1.
Derretir la manteca en una olla grande a fuego medio-alto. Agregar la sal y las cebollas.Cocinarlas por unos 35 minutos o hasta que las cebollas estén caramelizadas. No se olvide revolver frecuentemente para evitar que se quemen las cebollas.
2.
Mezclar el caldo de pollo, el caldo de carne, el vino tinto y la salsa inglesa en una olla. Juntar el perejil, el tomillo y la hoja de laurel con una cuerda y sumergirlo en el caldo. Cocinar a fuego medio durante 20 minutos, revolviendo de vez en cuando. Retirar y desechar las hierbas. Reducir la temperatura a fuego a bajo y agregar el vinagre balsámico. Sazonar con sal y pimienta. Tapar la olla y seguir cocinado a fuego bien bajo mientras prepara el pan.
3.
Precalentar el horno a 180 C (moderado). Poner las rebanadas de pan en una bandeja de horno llevarlas al horno por 3 minutos de cada lado o hasta que el pan esté muy bien tostado. Retirar el pan del horno, pero no apagarlo.
4.
Poner 4 cazuelas (que se puedan meter al horno) en una bandeja de horno.
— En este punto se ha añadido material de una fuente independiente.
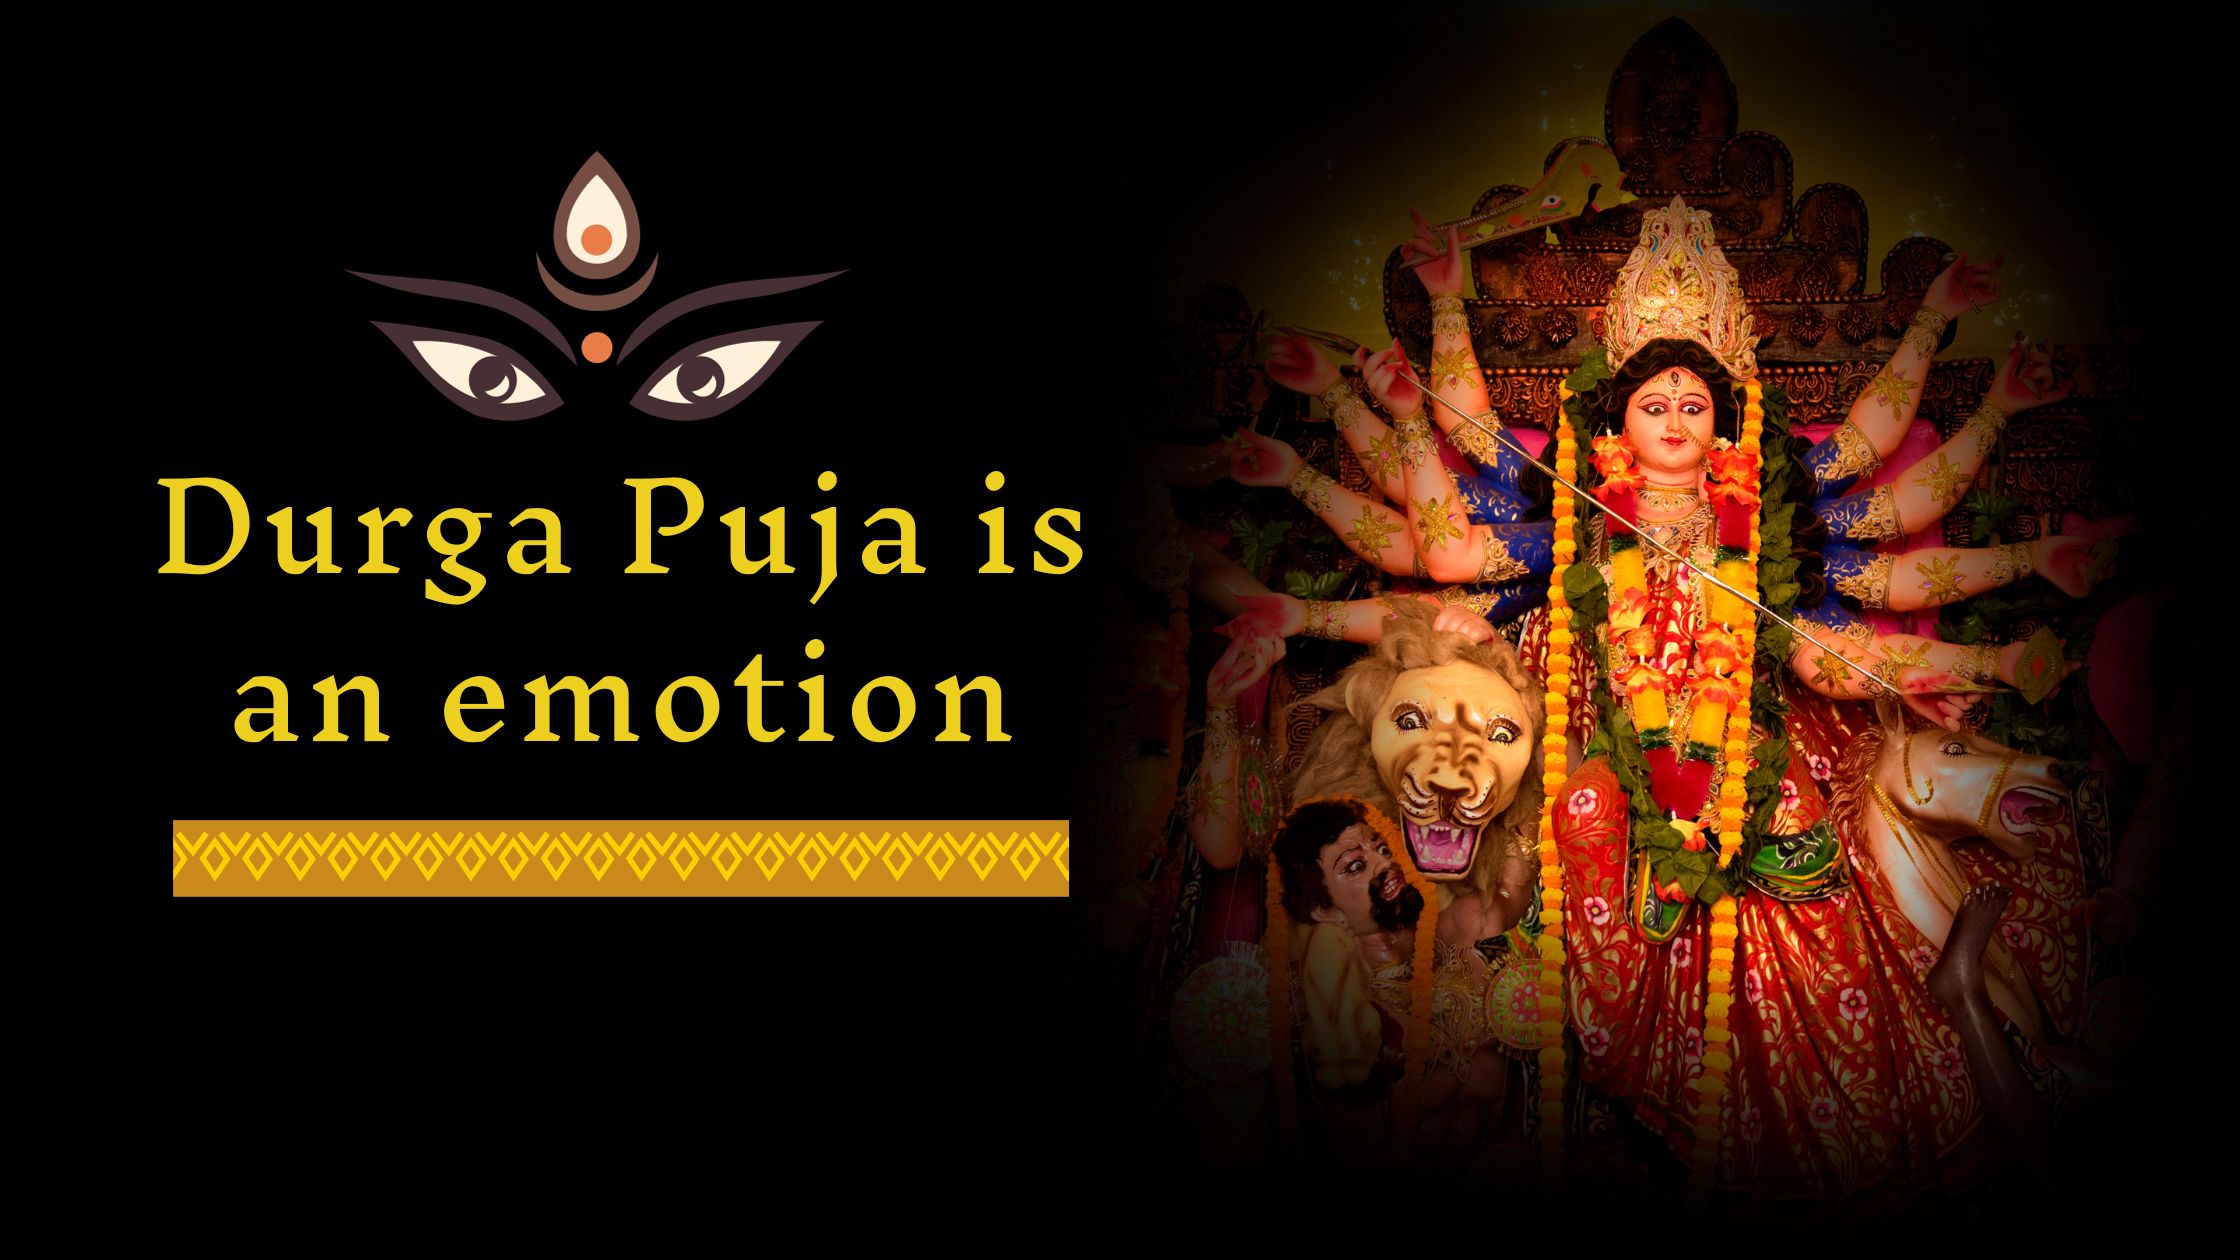 Durga Puja is an emotion

Llenar cada plato hasta 2/3 del borde con sopa caliente. Poner 1 rebanada de pan tostado, 2 rebanadas de queso gruyere y ¼ del queso asiago o mozzarella encima de cada plato. Espolvorear un poco de pimentón arriba del queso.
5.
Meter los platos al horno y llevar al horno hasta que el queso haga burbujas y se gratine. El queso se va caer en cascada sobre los lados de los platos y formará un sello al gratinar. Servir de inmediato.